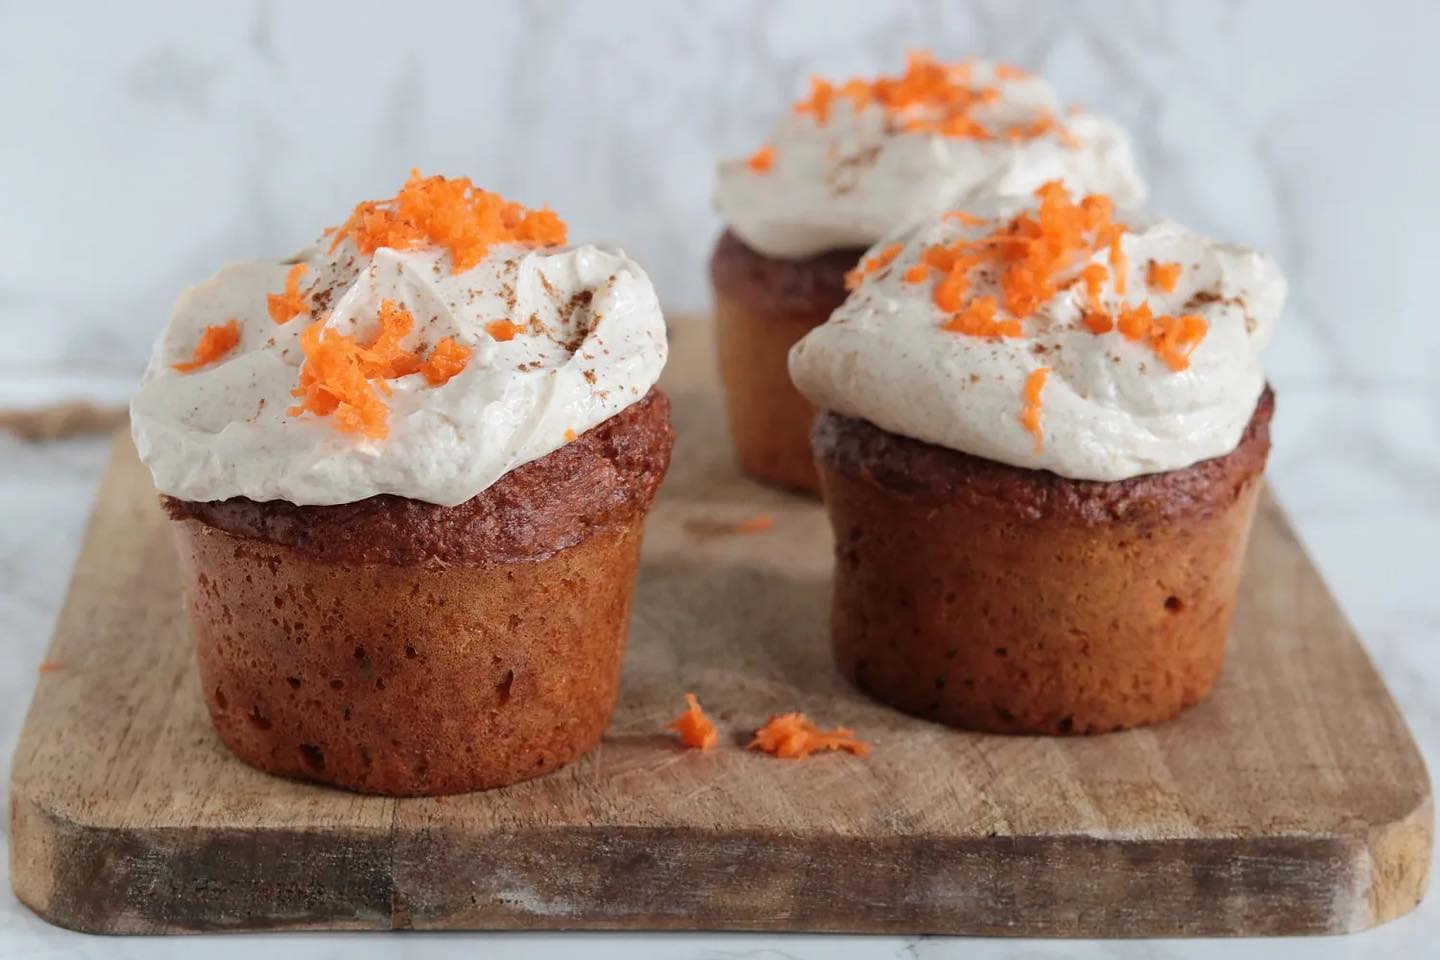 Deze carrot cupcakes zijn ook helemaal herfst proof 🍂 Ik voeg soms ook gemberpoeder, een beetje nootmuskaat en kruidnagelpoeder toe voor extra herfst vibes 🥕 Zo lekker als snack met een warm bakje thee of koffie! 🥰

Het recept vind je op mijn website onder de naam: Carrot cupcakes 🥕 

#koolhydraatarm #lowcarb #keto #oanhskitchen #glutenvrij

*-*-*

EXERCISE: Output the lines from the one holding "Het recept vind" to the last line of the material, inclusive, exactly as they appear. Add no others.

TASK ANSWER:
Het recept vind je op mijn website onder de naam: Carrot cupcakes 🥕 

#koolhydraatarm #lowcarb #keto #oanhskitchen #glutenvrij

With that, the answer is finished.